Geographic data organized by genus
For each genus in the study there are two types of files: 1) "orignal.gbif.genus" contains all known occurrence records for the species in our study as downloaded from the Global Biodiversity Information Facility (http://www.gbif.org) 2) "ft.clean.gbif.genus" contains the filtered and cleaned records used in downstream analyses (note that scripts to generate these cleaned files are in folder "get.clean.geo").
data geographic.zip
Mating system data organized by genus
For each genus in the study there is a unique file "genus.csv" that contains the following data columns: species names (species), mating system category (mate.sys), method used to assign mating system (method), source (ref), notes (notes), and availability of loci on genbank (rps, its, trn).
data mating system.zip
Phylogenetic data orangized by genus
For each genus, there are several files: original genbank download of its sequences (original.genbank.genus.fasta), aligned its sequences (genus.its.aligned.fa), BEAST xml file (genus.its.aligned.xml), BEAST output files (genus.its.aligned.log, genus.its.aligned.ops, genus.its.aligned.trees), subset of 9000 trees from the posterior (genus.its.final.tree), and consensus tree used only for data visualization (genus.its.consensus.tree).
data phylogenetic.zip
Correlated trait data table
This data table contains the following columns: species name (species), number of gametic chromosomes (X1N), qualitative ploidy assignment (ploidy.qual), notes on ploidy (ploidy.notes), source for ploidy (ploidy.source), qualitative life history assignment (life.history.qual), notes on life history (ann.per.notes), life history source (ann.per.source)
data.correlated.traits.csv
R scripts for filtering geographic data
For each genus there is a unique R script used to filter and clean the original geographic data downloaded from the Global Biodiversity Information Facility (http://www.gbif.org).
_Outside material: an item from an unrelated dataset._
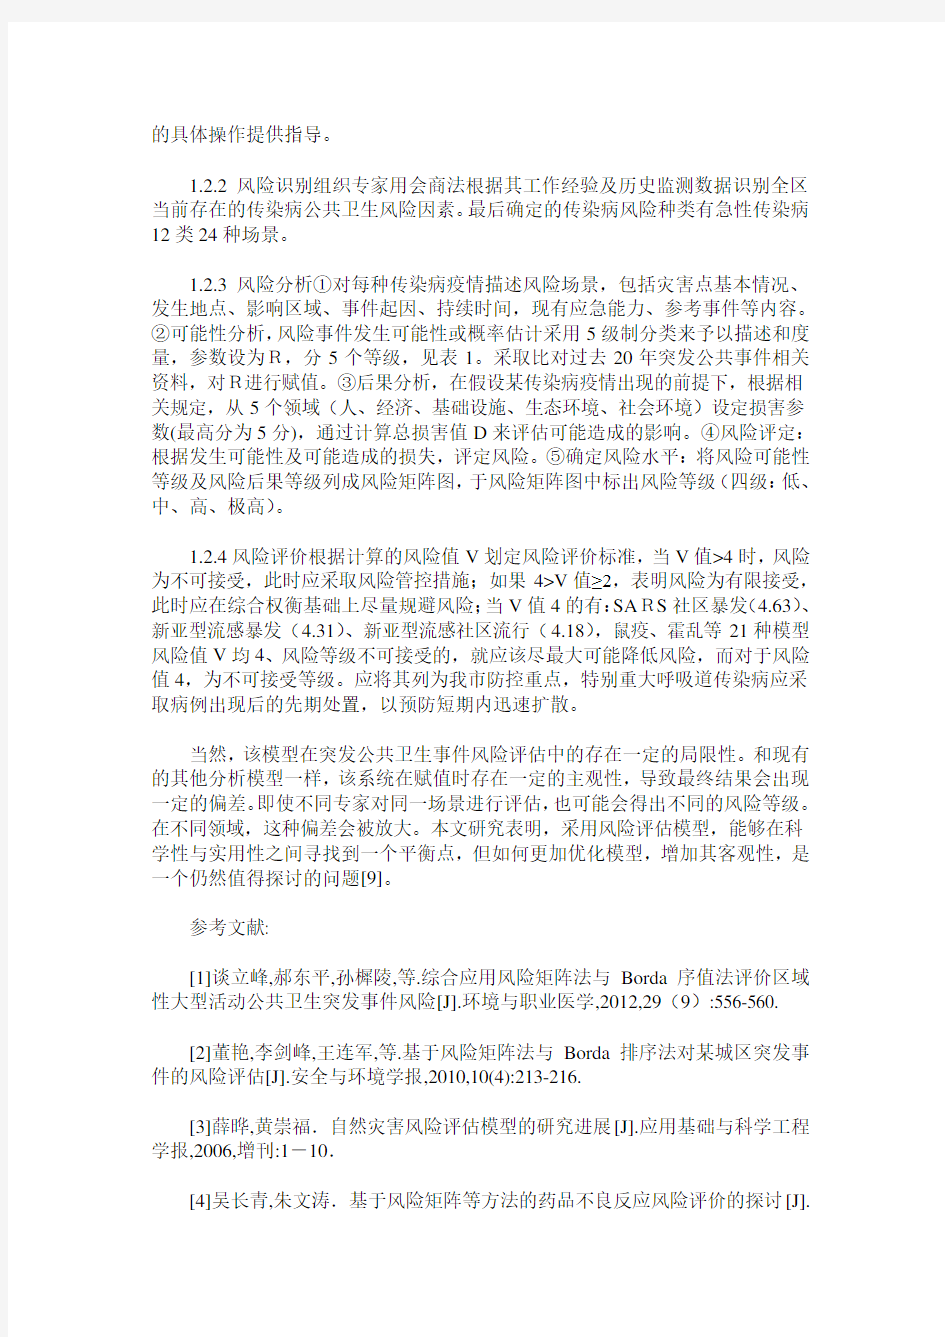 深圳市宝安区传染病疫情风险评估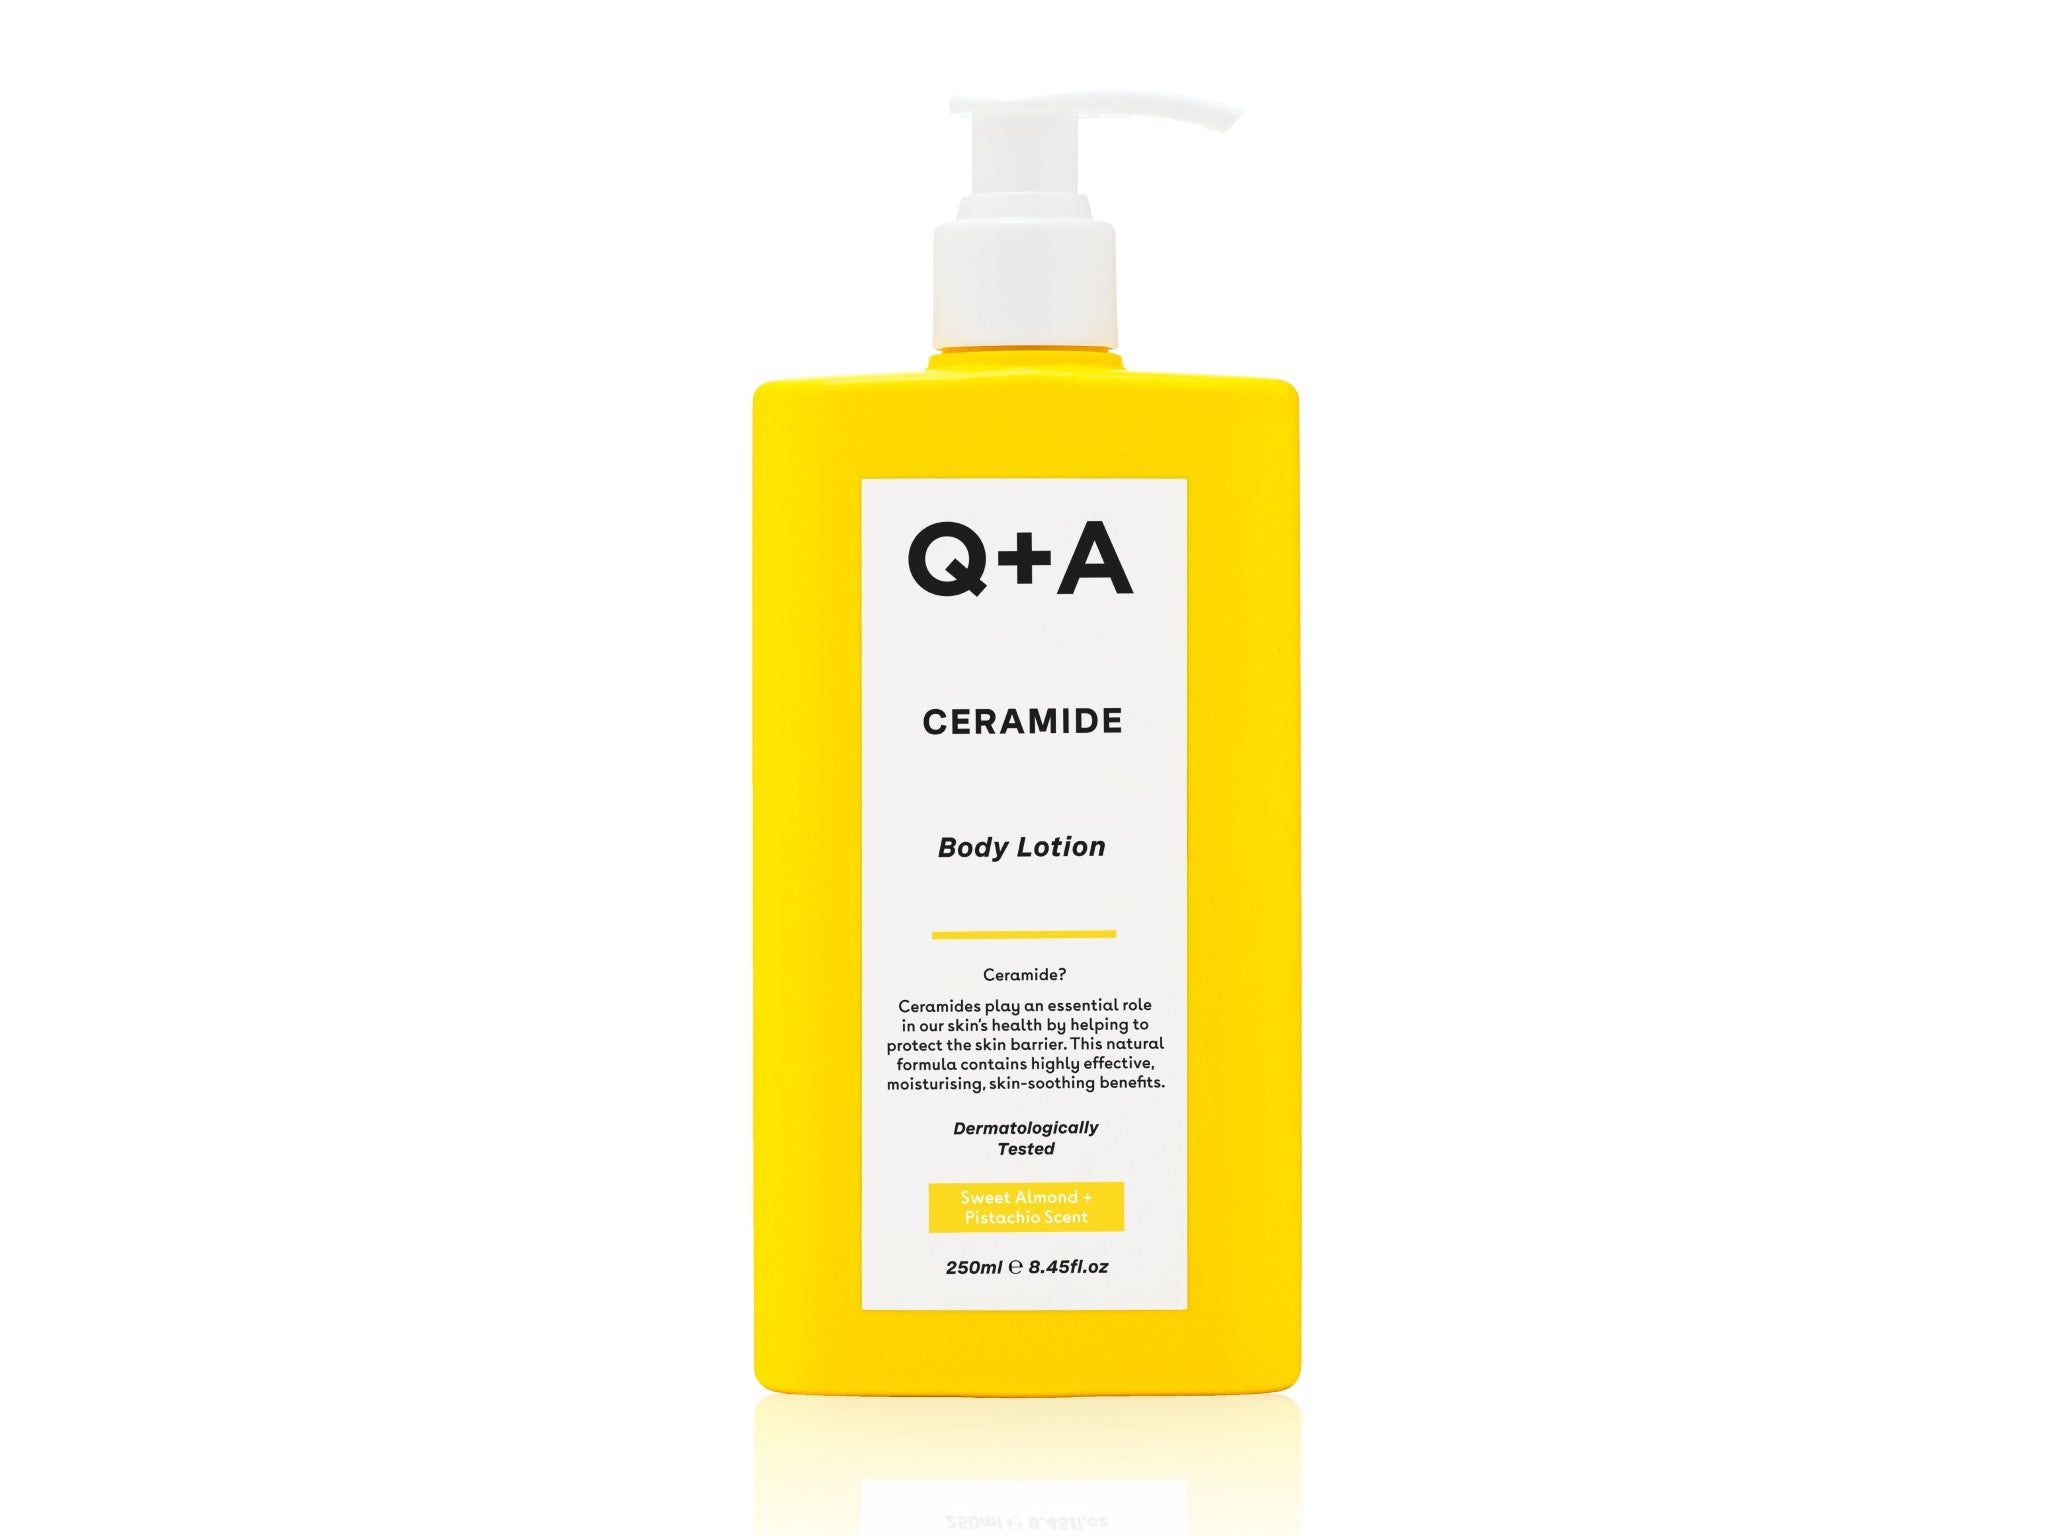 Q+A ceramide body lotion

These scripts filter GBIF data for quality by excluding records with coordinate accuracy < 100 km, coordinates failing to match the locality description, and taxonomic misidentifications (verified by the authors and taxonomic specialists of each clade). Species’ epithets were checked against the most recently published taxonomies and synonyms and spelling errors are corrected here. Finally, coordinates outside the native species range with published monographs and online databases that report native and invaded ranges (e.g. GRIN database, http:// www.ars-grin.gov/), are identified and excluded.
get.clean.geo.zip
R script for grabbing sister pairs across a sample of trees
This R script grabs all sister pairs from across a sample of trees,computes the average branch length (dist), computes the posterior probability (pp = proportion of sampled trees with a given sister pair), and grabs the mating system of the sister pair.
get.sisters.R
R script for calculating sister pair range size and co-occurrence
This R script takes a list of sister pairs (generated using script "get.sisters"), computes their geographic range sizes across varying spatial scales, and computes various metrics of co-occurrence used in American Journal of Botany paper "No association between plant mating system and geographic range overlap".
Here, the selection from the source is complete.